Already, in her mind, Eliza was maniacally googling brain cancer treatment options; she was flipping through the neurology section in one of her old medical school books. She was even singing the ridiculous song about the organs that Evie had learned in the third grade. My body is working day and night, working and working all the time…

“Eliza, honey. Your father is sick.”

My brain controls everything, everything my body does. My lungs are breathing in the air, putting oxygen in my blood…

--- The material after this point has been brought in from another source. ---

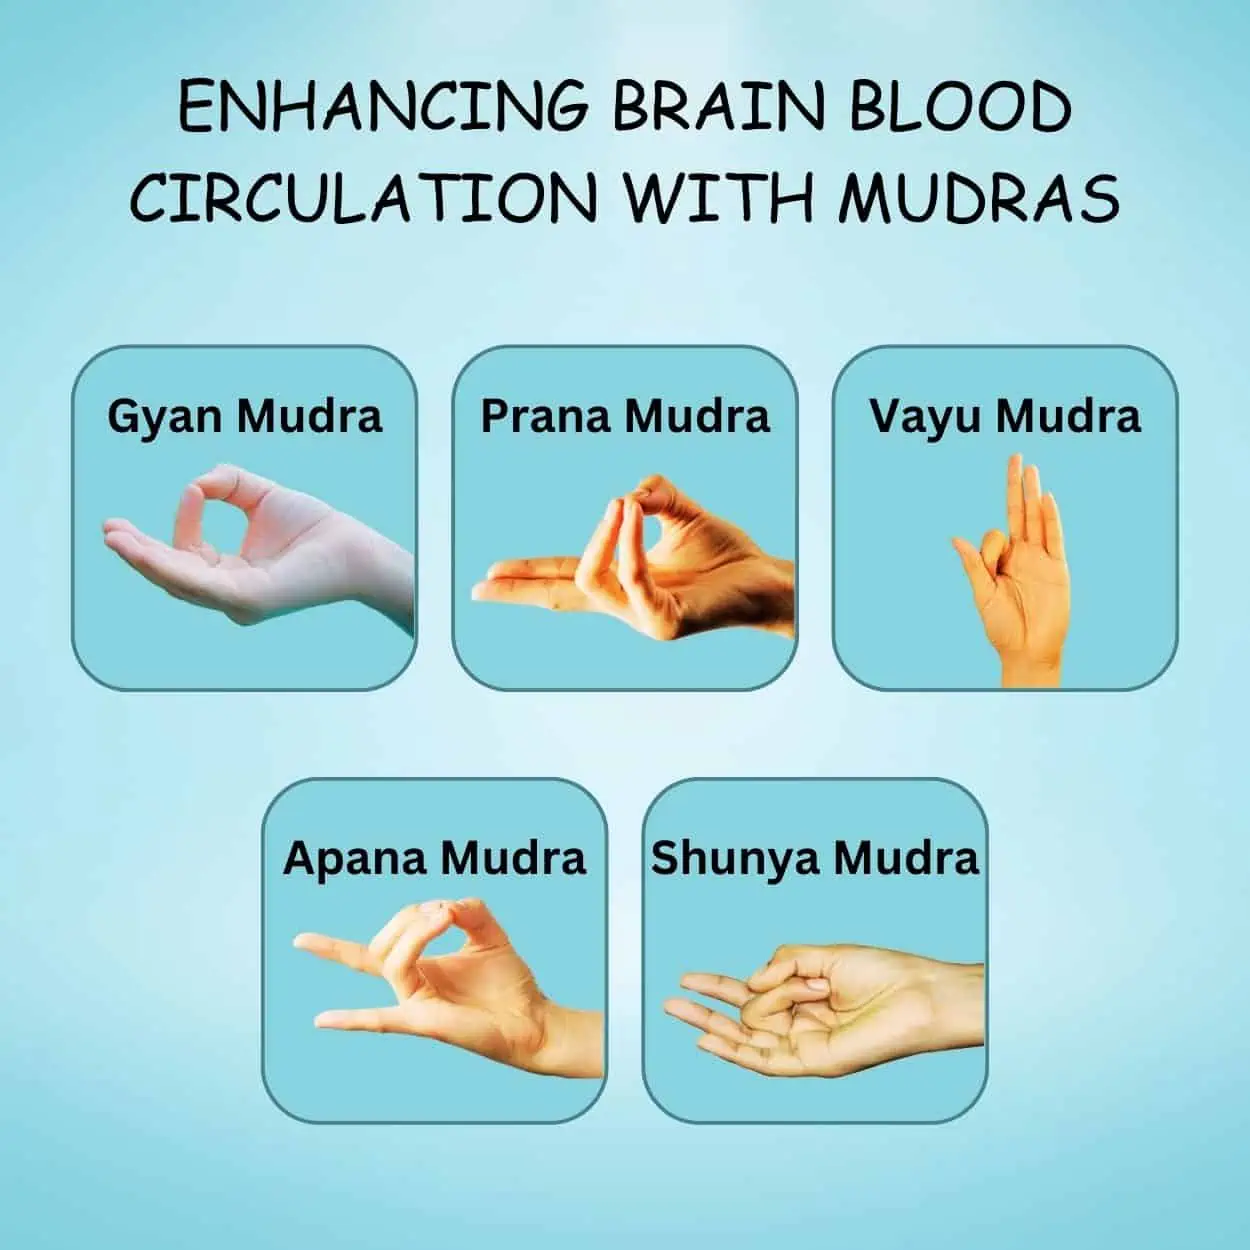 Enhancing Brain Blood Circulation with Mudras
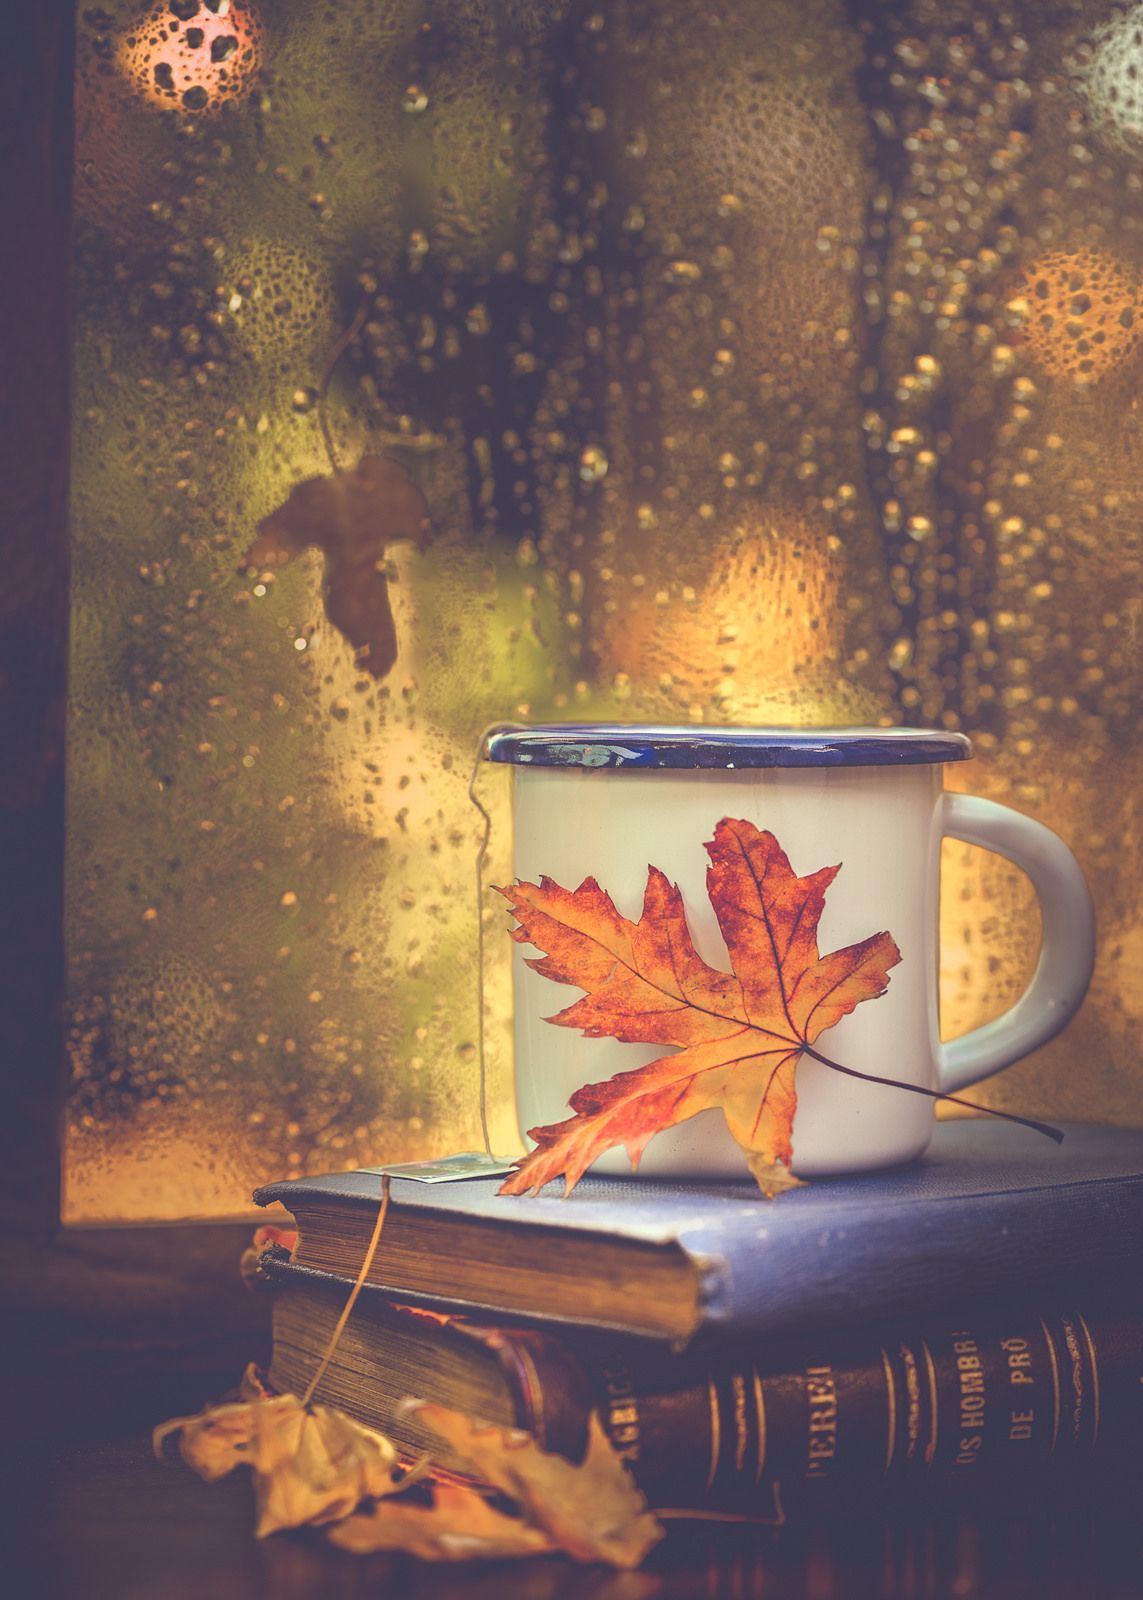 Books, tea and rain drops. Fall picture, Autumn cozy, Autumn inspiration

Val sat at the table, motioned Eliza to sit across from her, and folded her hands as if in prayer. “Charlie wasn’t feeling right for a while, for a good long time, but of course you know him, he wouldn’t admit to it. Even so, he was getting so tired out in the boat, coming in earlier and earlier, catching less and less. This was right after he came back from visiting you in March—right before his birthday. Still wouldn’t take a sternman with him. Then in early April there was one time he got a little bit confused, came in off the boat, one of the guys told me he was slurring a little, it seemed for about twenty seconds he didn’t know where he was…” She paused. “So I didn’t give him any choice, I made him an appointment at Maine Coast Memorial, took him in. He had the CT scan, and they didn’t like the way that looked, so they ordered an MRI. And that confirmed the diagnosis.”